It must have been about 10 years ago when I was talking with my friend Bill Erickson, chairman of C.J. Erickson Plumbing Co., Alsip, Illinois, about factory-built bathrooms made by Eggrock Modular Solutions, Littleton, Massachusetts.

Eggrock’s idea was to build bathrooms that are all identical in, say, your typical Hampton Inn or a college dormitory, and ship them to a jobsite where they would be lifted into place with a crane. Eggrock could comply with any plumbing code anywhere and if an inspector needed to see something, Eggrock would make sure it was visible before the drywall went up.

Bill worried that it would take business away from him. I told him to look at the bright side — factory built bathrooms would allow him to bid on another hotel job even if he was short five guys.

Now that the industry is short by thousands of workers, contractors can work through the problem by fabricating complicated assemblies in their shops and delivering them to jobsites ready to install.

It’s not just for $100 million mechanicals. We ran a story about Klebs Mechanical in Anchorage, Alaska, that prefabs residential boiler packages because it’s preferable to work in a warm shop in Alaska, plus homeowners can’t go overnight without heat.
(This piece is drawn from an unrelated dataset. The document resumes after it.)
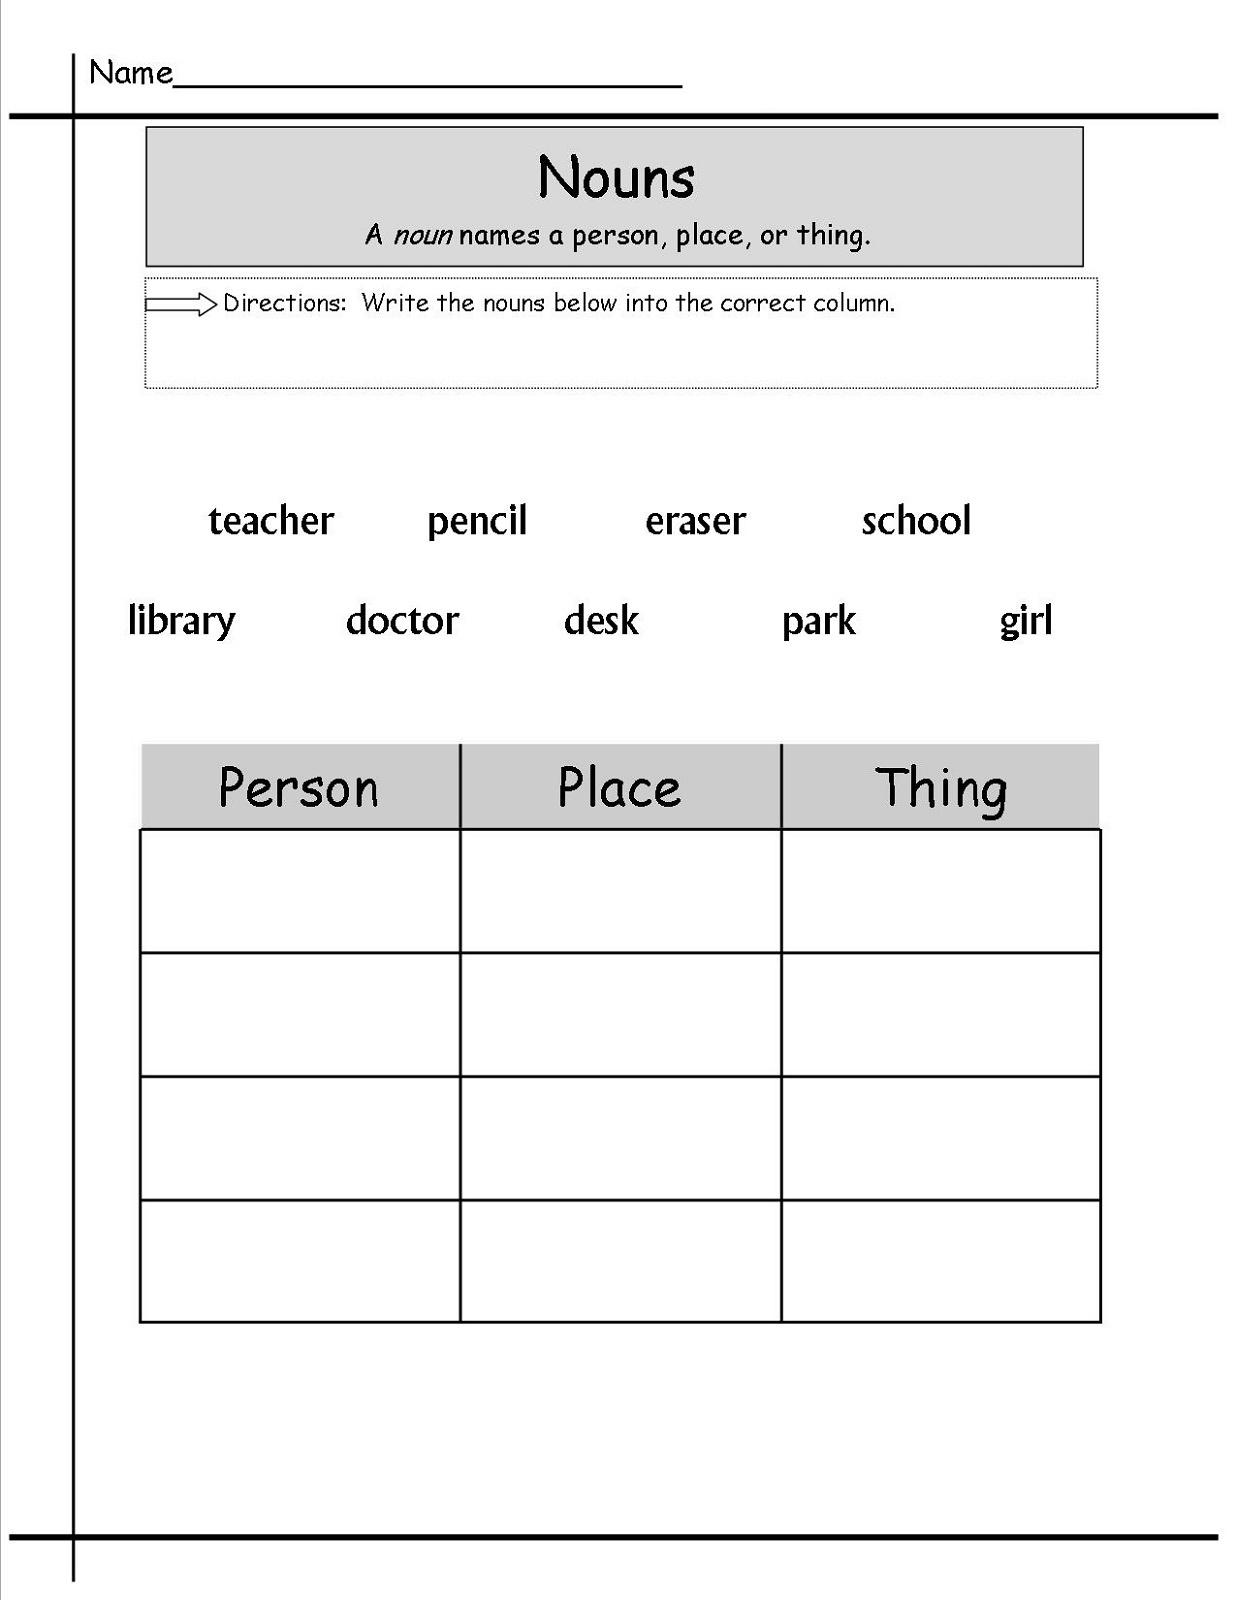 Free Grammar Worksheets Nouns K5 Worksheets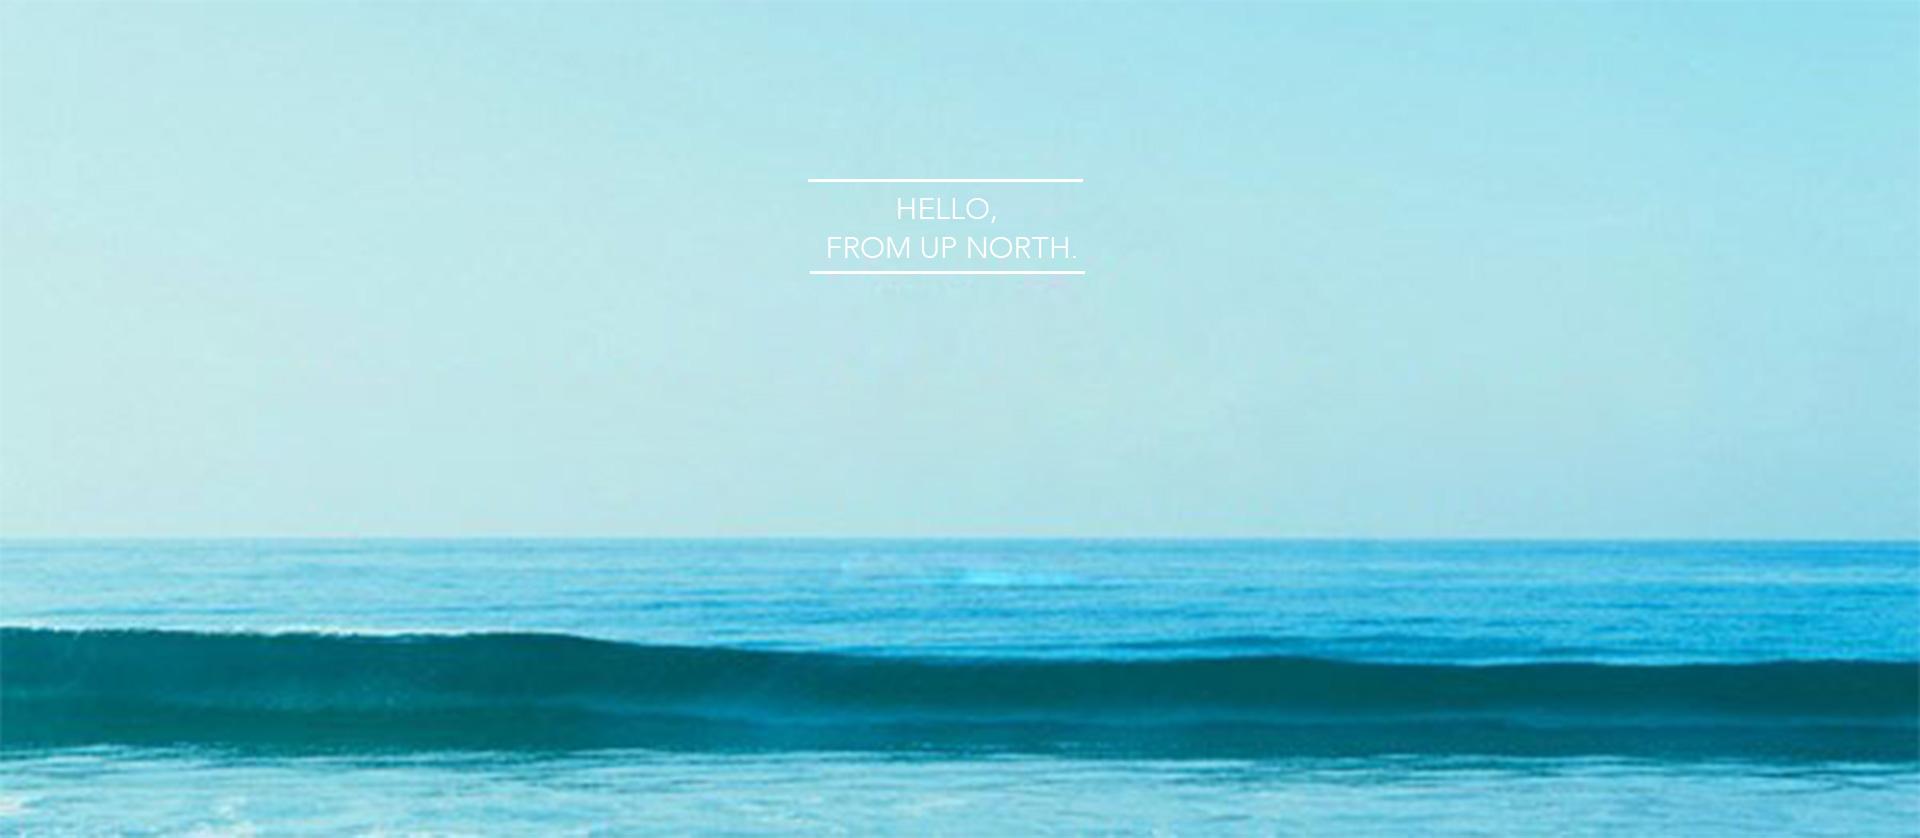 Helloheader-Slide11

Klebs has done the same on commercial projects, such as apartment complexes.

“If we can reduce the time we are on the jobsite, it not only saves project costs for us, but it also helps the general contractor or owner with scheduling, and reduces the amount of field coordination needed,” explained Vice President Matt Klebs.

The major mechanicals that we interviewed for our Book of Giants feature in this issue are doing this on a much larger scale.

Terrell says that Ivey has shifted half of what would previously have been field hours into manufacturing hours. These days when Ivey ships a chiller plant to a jobsite, it’s 95 percent complete.

“If you’re still performing work like you did 10 years ago, there’s no way you can get it done today,” said Denny Terrell, president of Ivey Mechanical Co., Kosciusko, Mississippi.

Terrell noted that Ivey’s backlog has reached the point where it limits how much additional work the contractor can take on.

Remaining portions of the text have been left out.